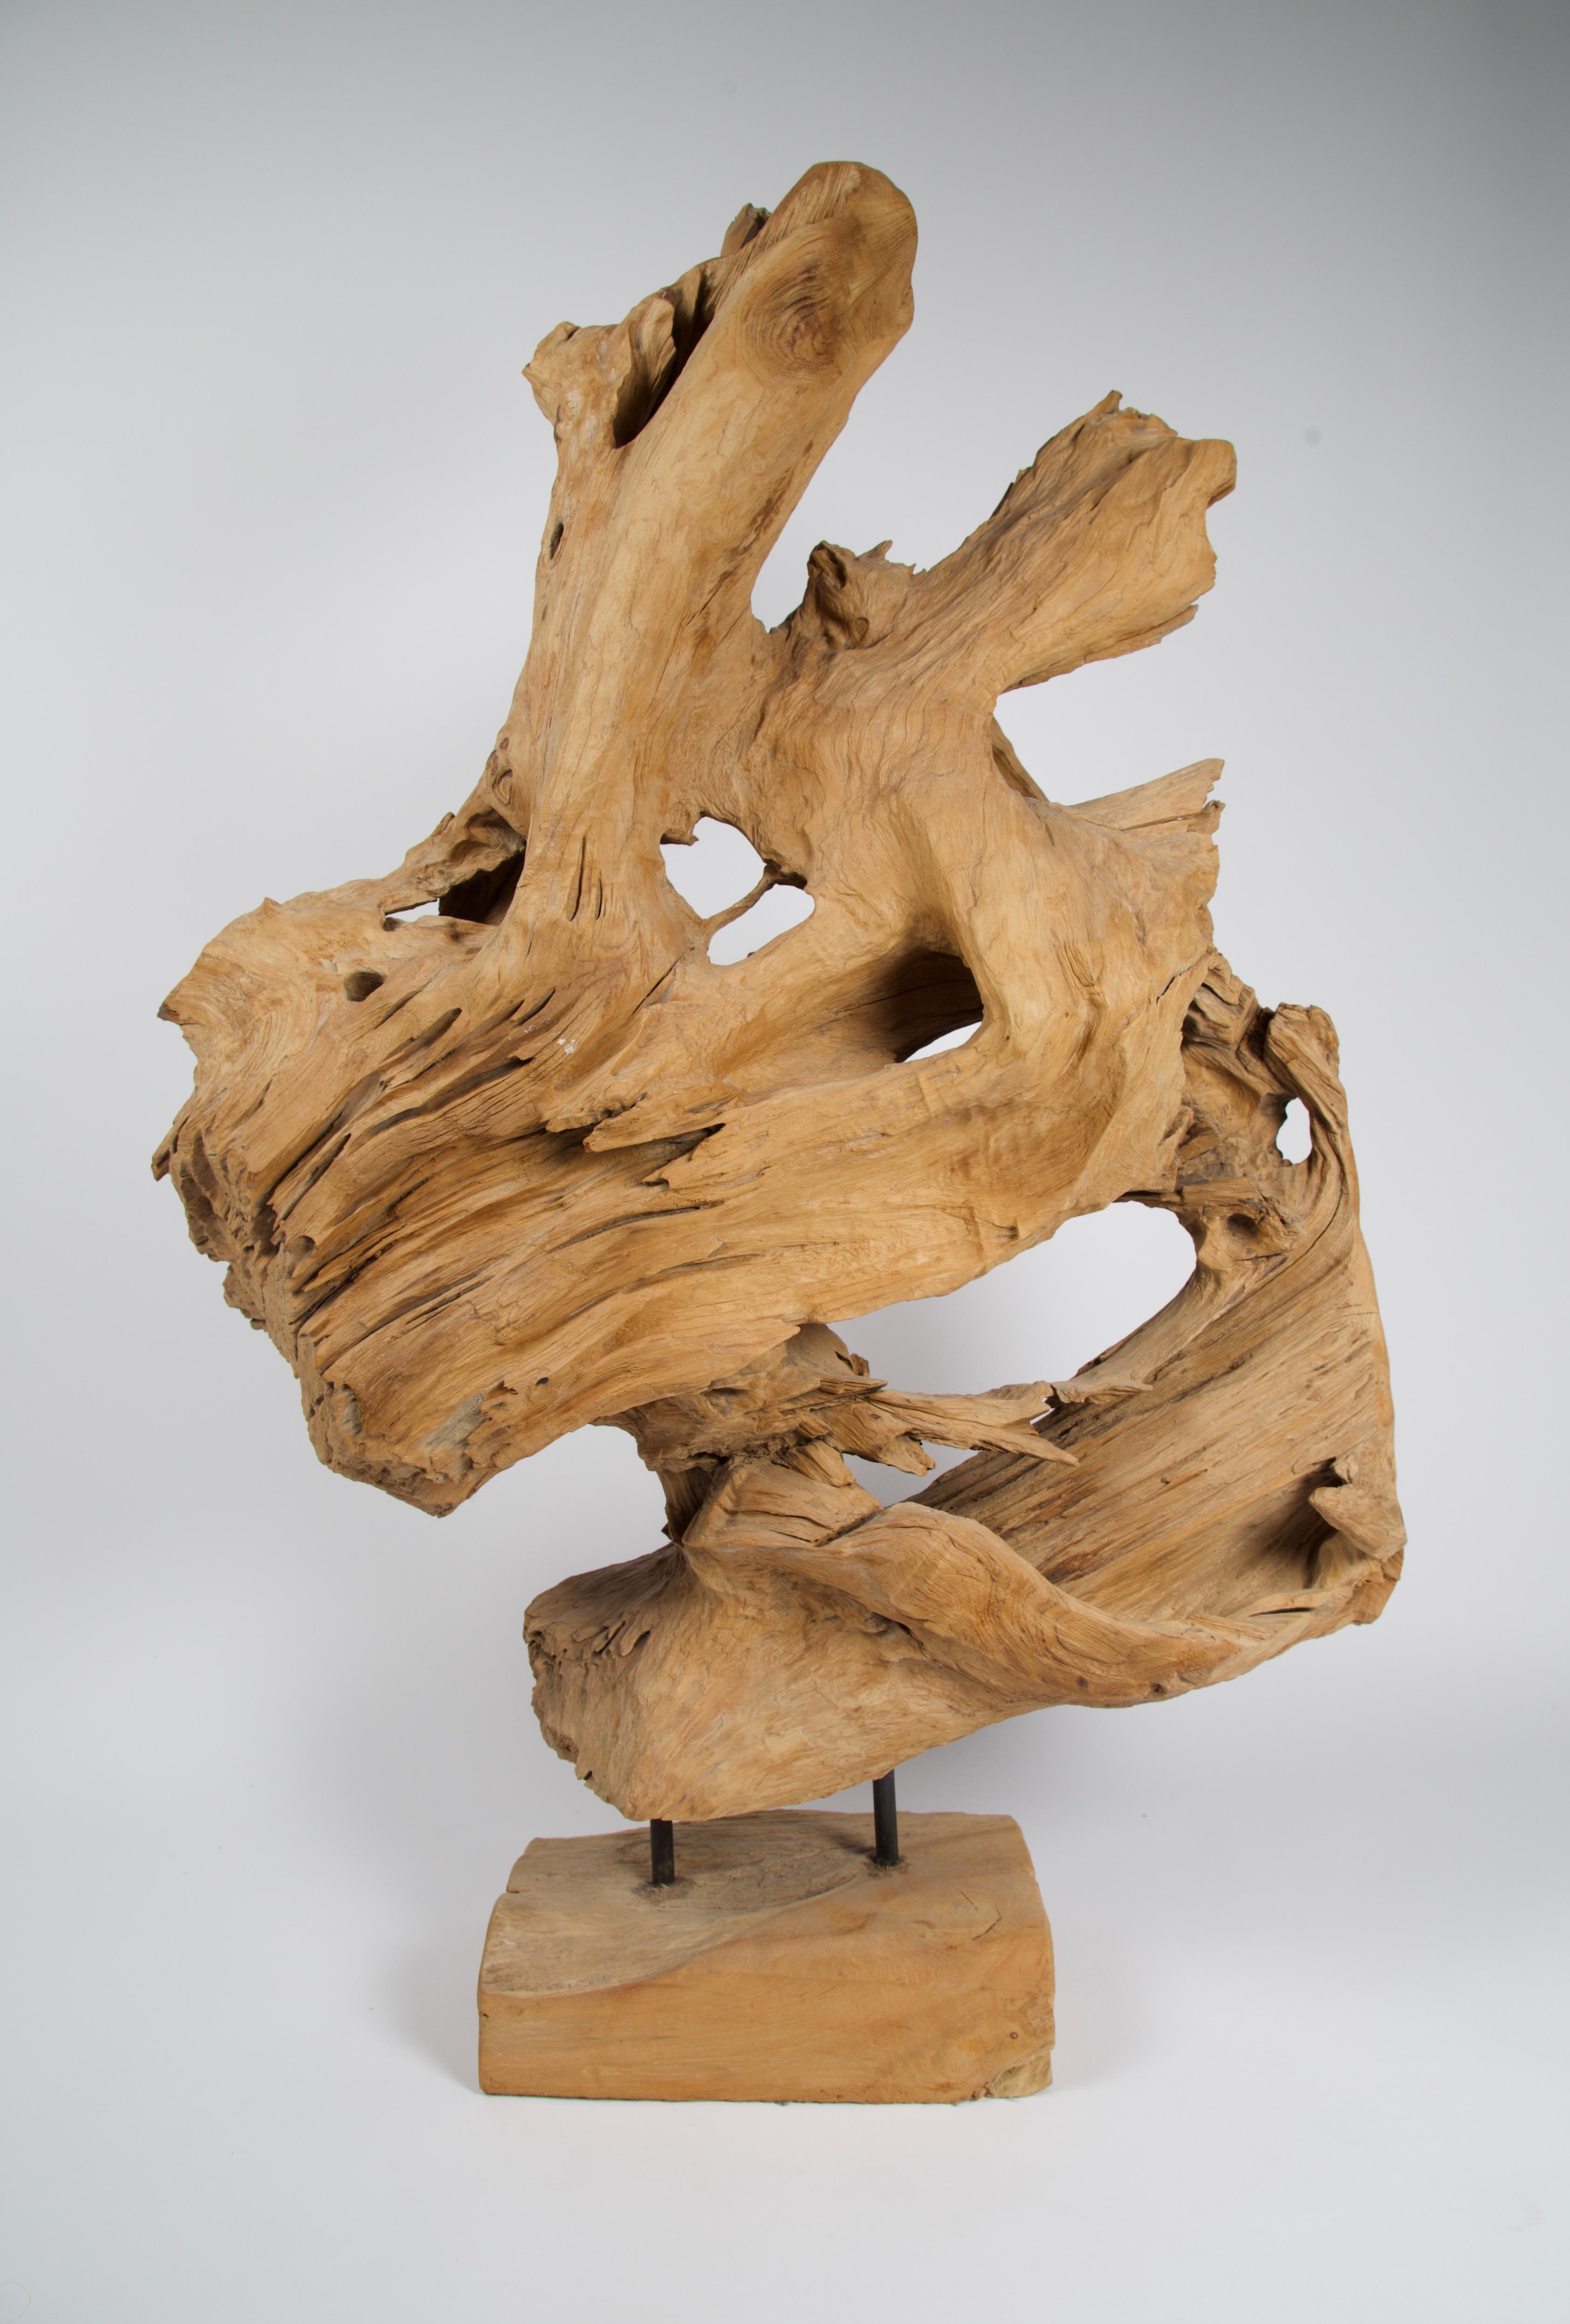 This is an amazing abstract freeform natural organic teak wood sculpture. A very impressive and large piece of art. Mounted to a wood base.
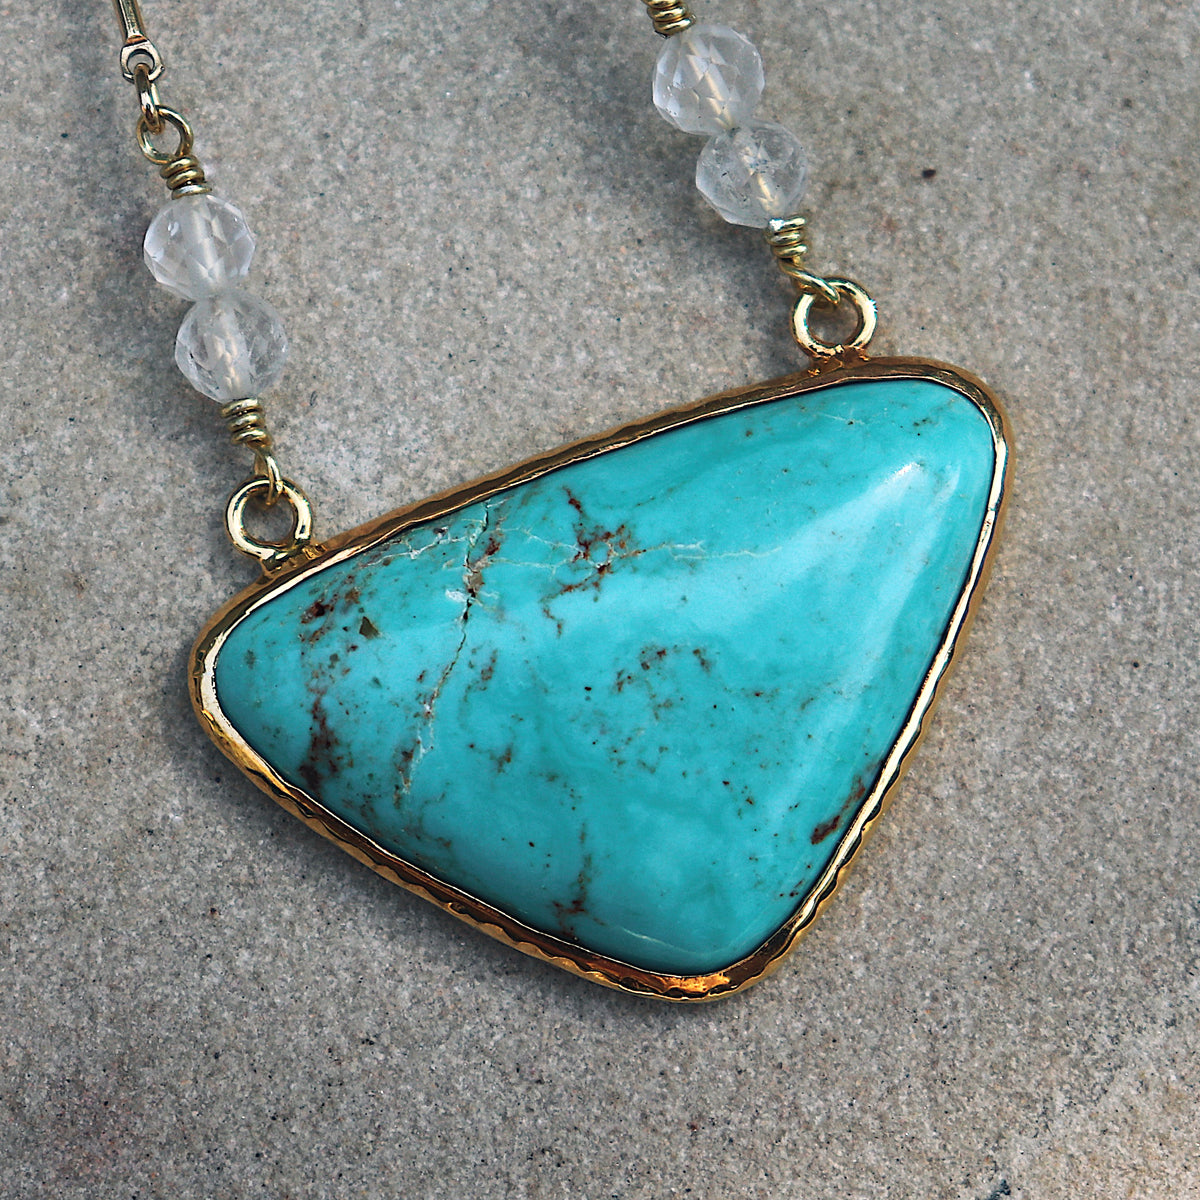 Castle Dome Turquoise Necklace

---

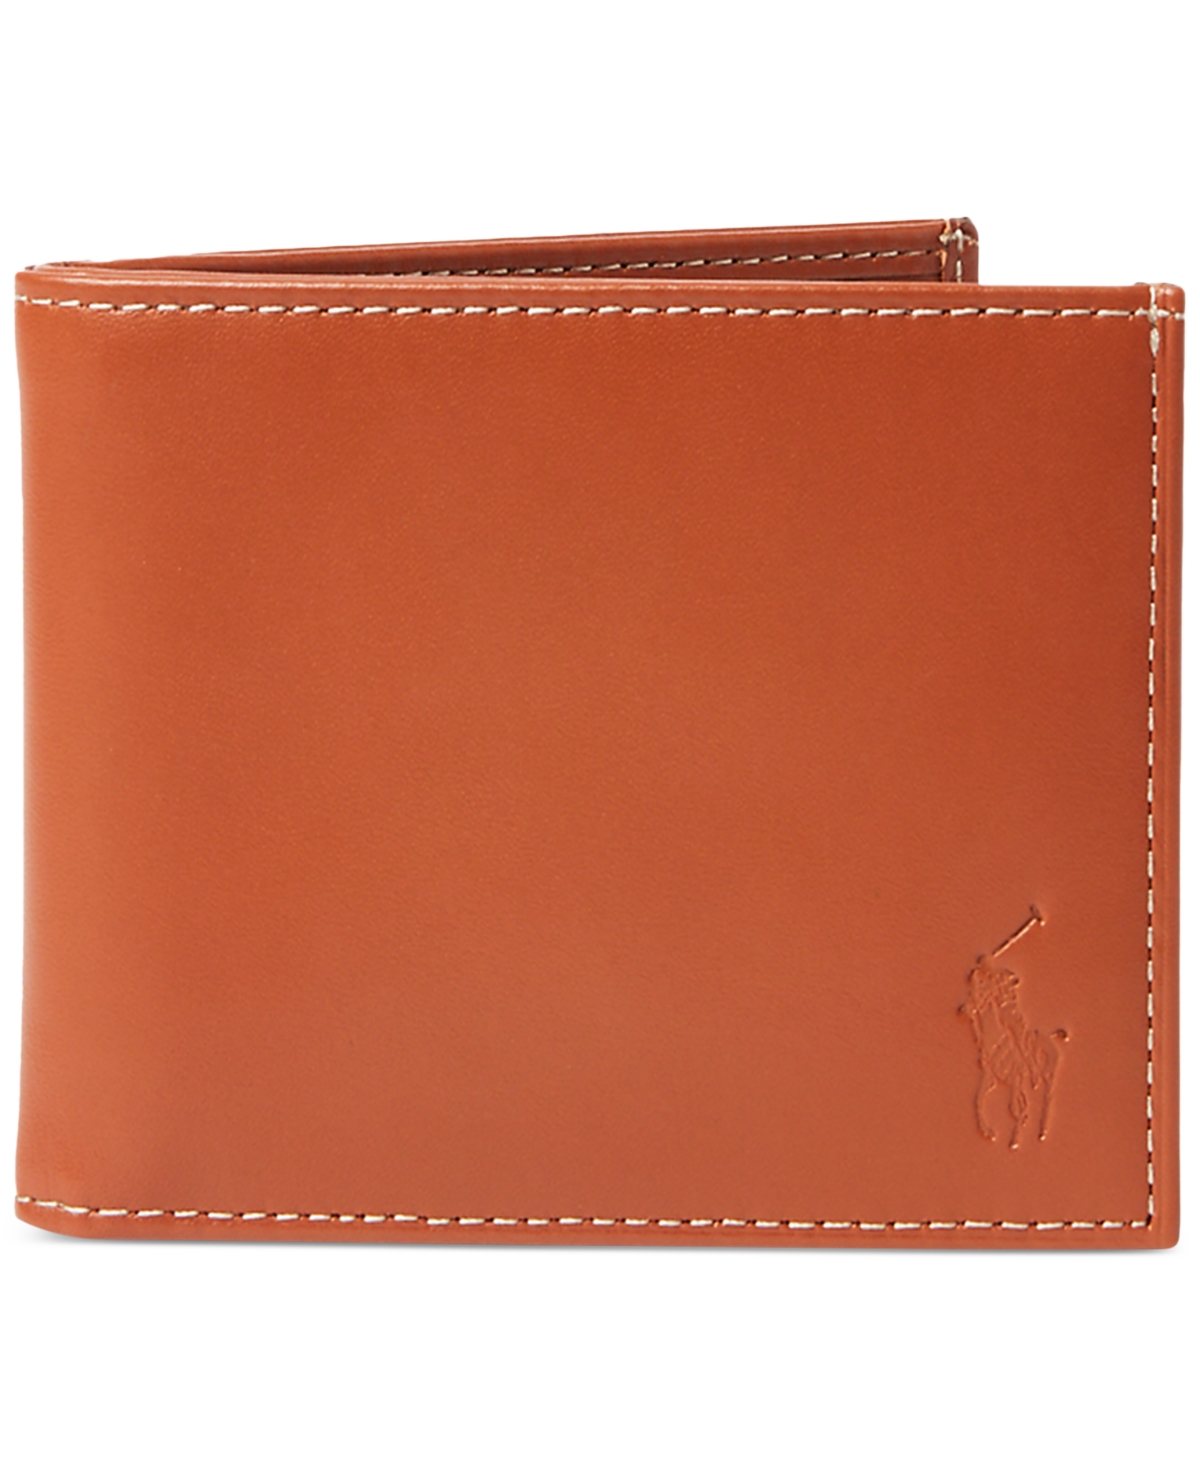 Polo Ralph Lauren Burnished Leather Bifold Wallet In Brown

What this task involves: Starting with the line that has "This is an amazing" and ending with the line that has "Castle Dome Turquoise Necklace", repeat the lines above exactly, omitting every picture.

Task output:
 This is an amazing abstract freeform natural organic teak wood sculpture. A very impressive and large piece of art. Mounted to a wood base.
 Castle Dome Turquoise Necklace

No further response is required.